:: What is required ::
Output the data below only from the line containing "Tiny Treats Trolley Lip Gloss Set" up to and including the line containing "Die Gewerbehalle liegt", exact and with the pictures left out.

Start of Data

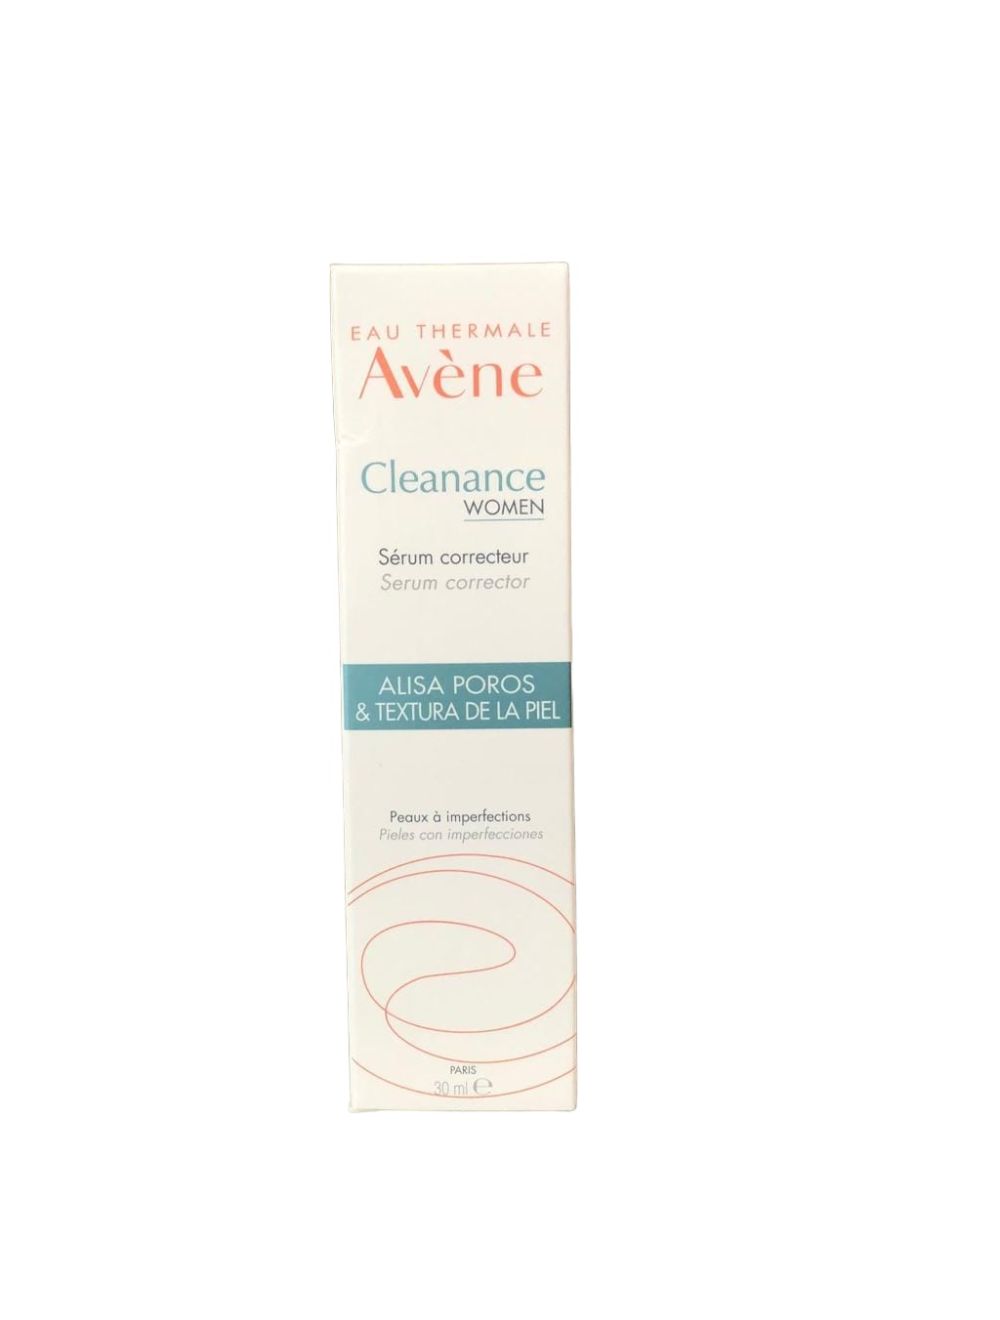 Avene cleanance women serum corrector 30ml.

End of Data
Start of Data

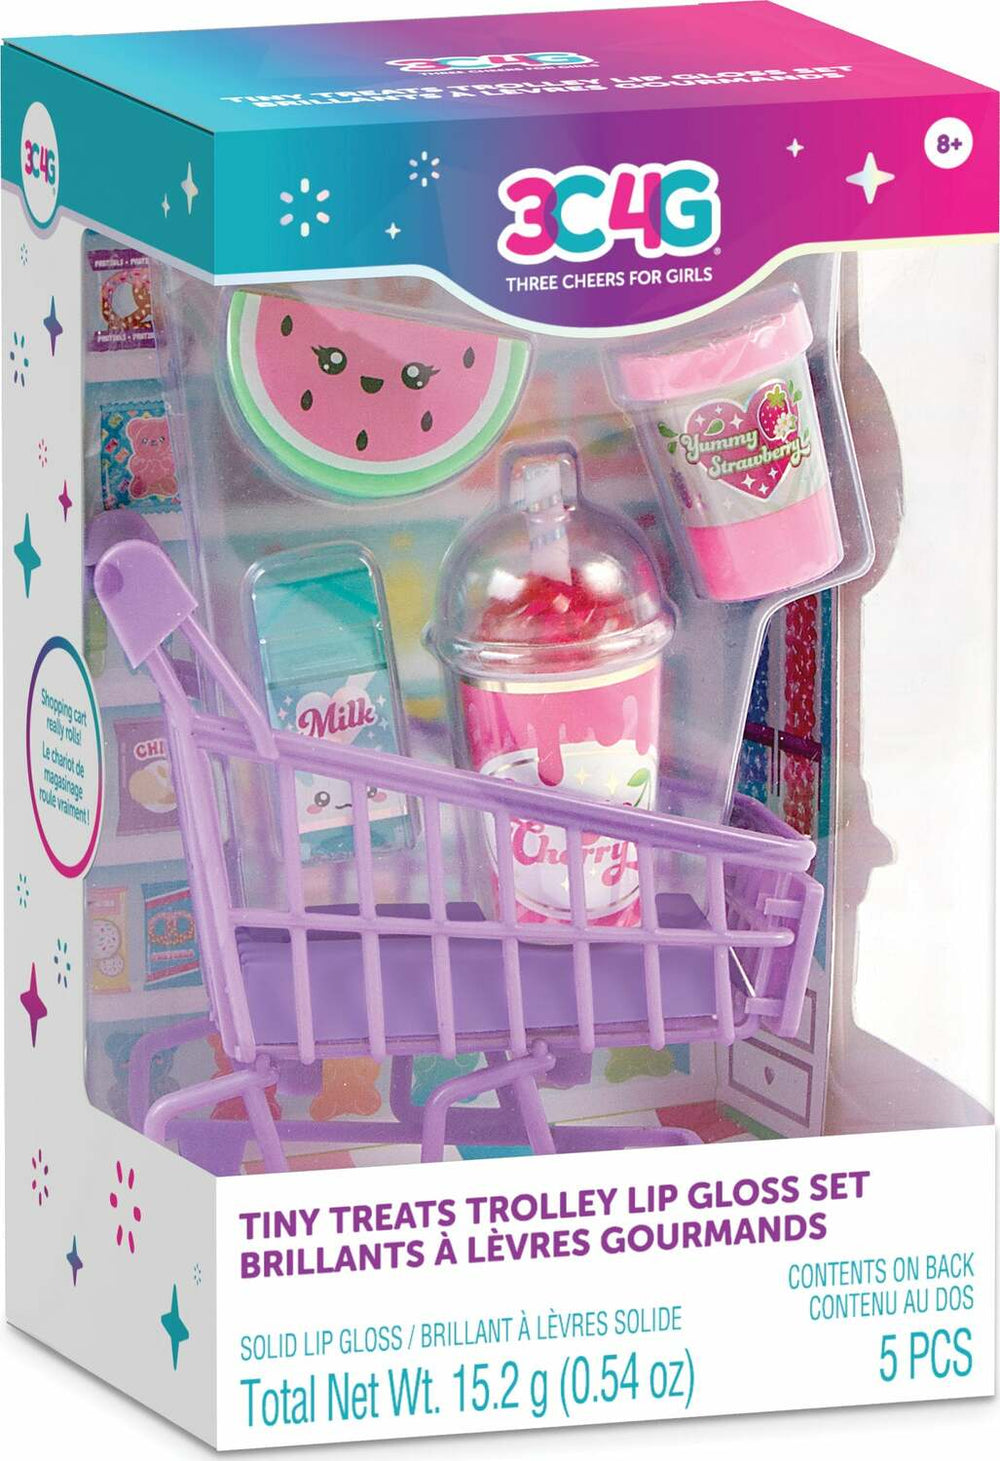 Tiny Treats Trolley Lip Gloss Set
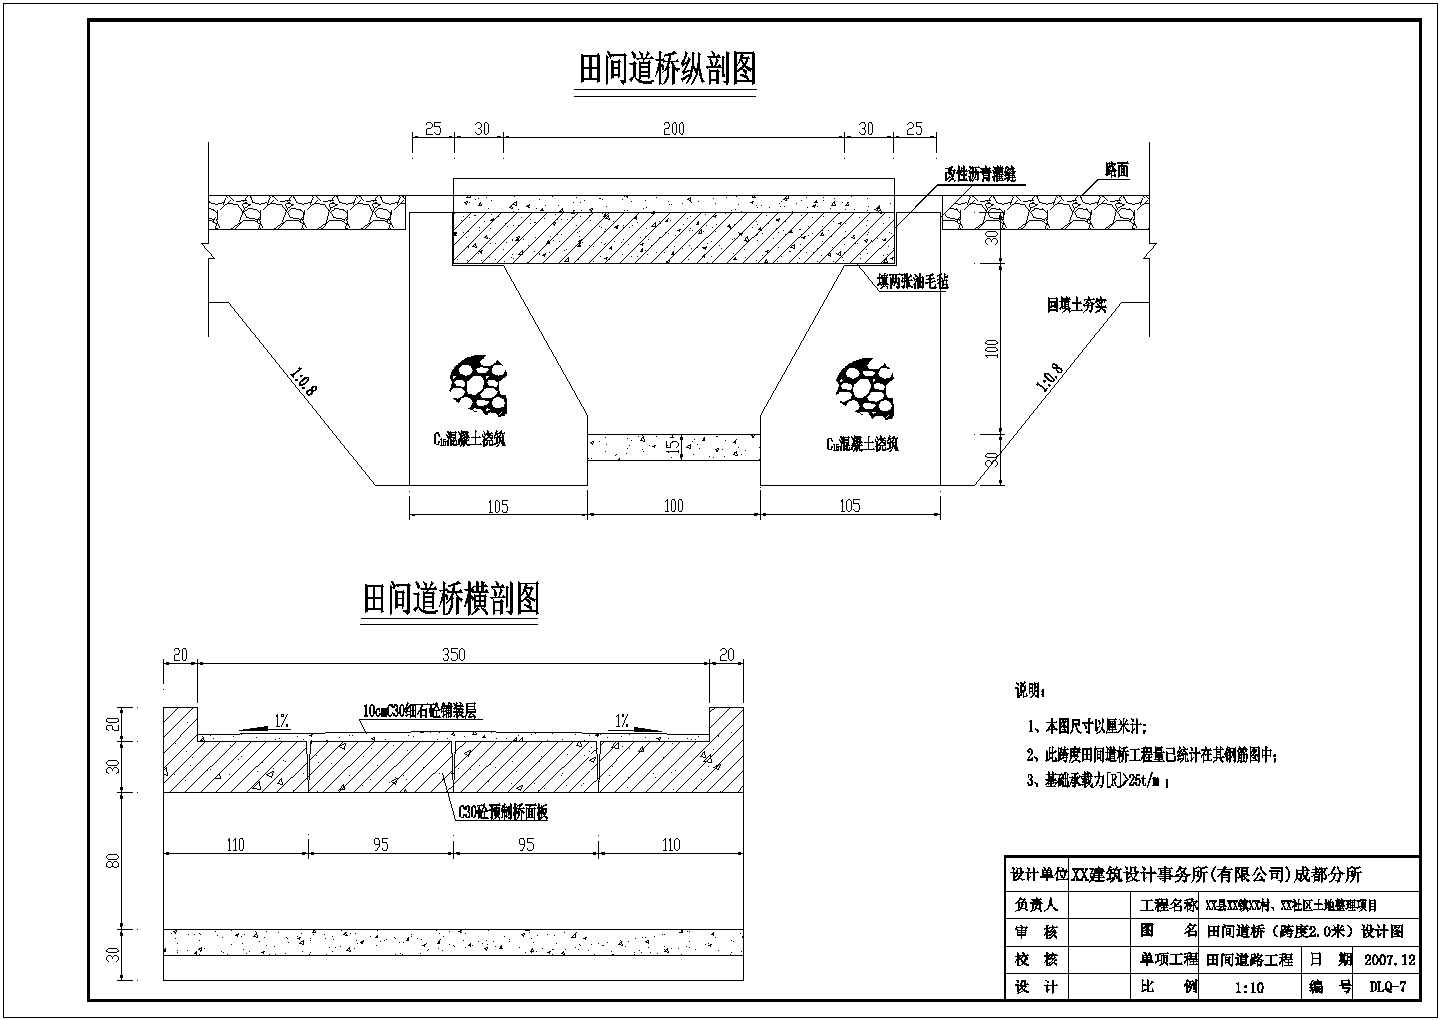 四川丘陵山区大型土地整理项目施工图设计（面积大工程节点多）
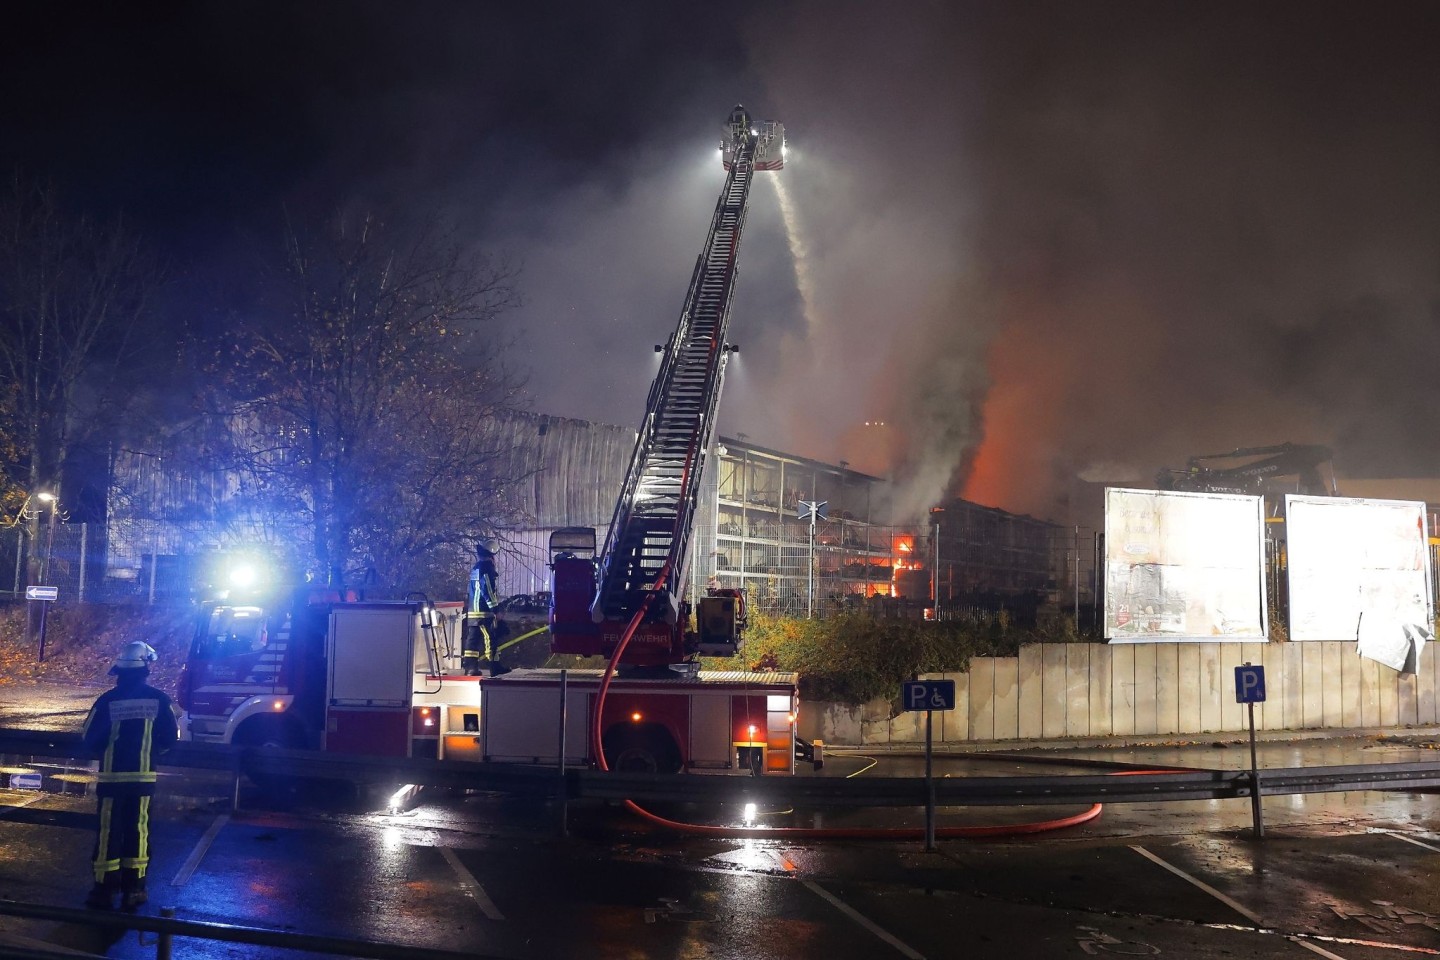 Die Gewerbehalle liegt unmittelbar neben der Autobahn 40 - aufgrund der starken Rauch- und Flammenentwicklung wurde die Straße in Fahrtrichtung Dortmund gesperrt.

End of Data
Start of Data

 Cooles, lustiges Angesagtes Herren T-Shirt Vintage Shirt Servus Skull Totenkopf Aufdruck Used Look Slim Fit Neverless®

End of Data

:: Final answer ::
 Tiny Treats Trolley Lip Gloss Set
 四川丘陵山区大型土地整理项目施工图设计（面积大工程节点多）
 Die Gewerbehalle liegt unmittelbar neben der Autobahn 40 - aufgrund der starken Rauch- und Flammenentwicklung wurde die Straße in Fahrtrichtung Dortmund gesperrt.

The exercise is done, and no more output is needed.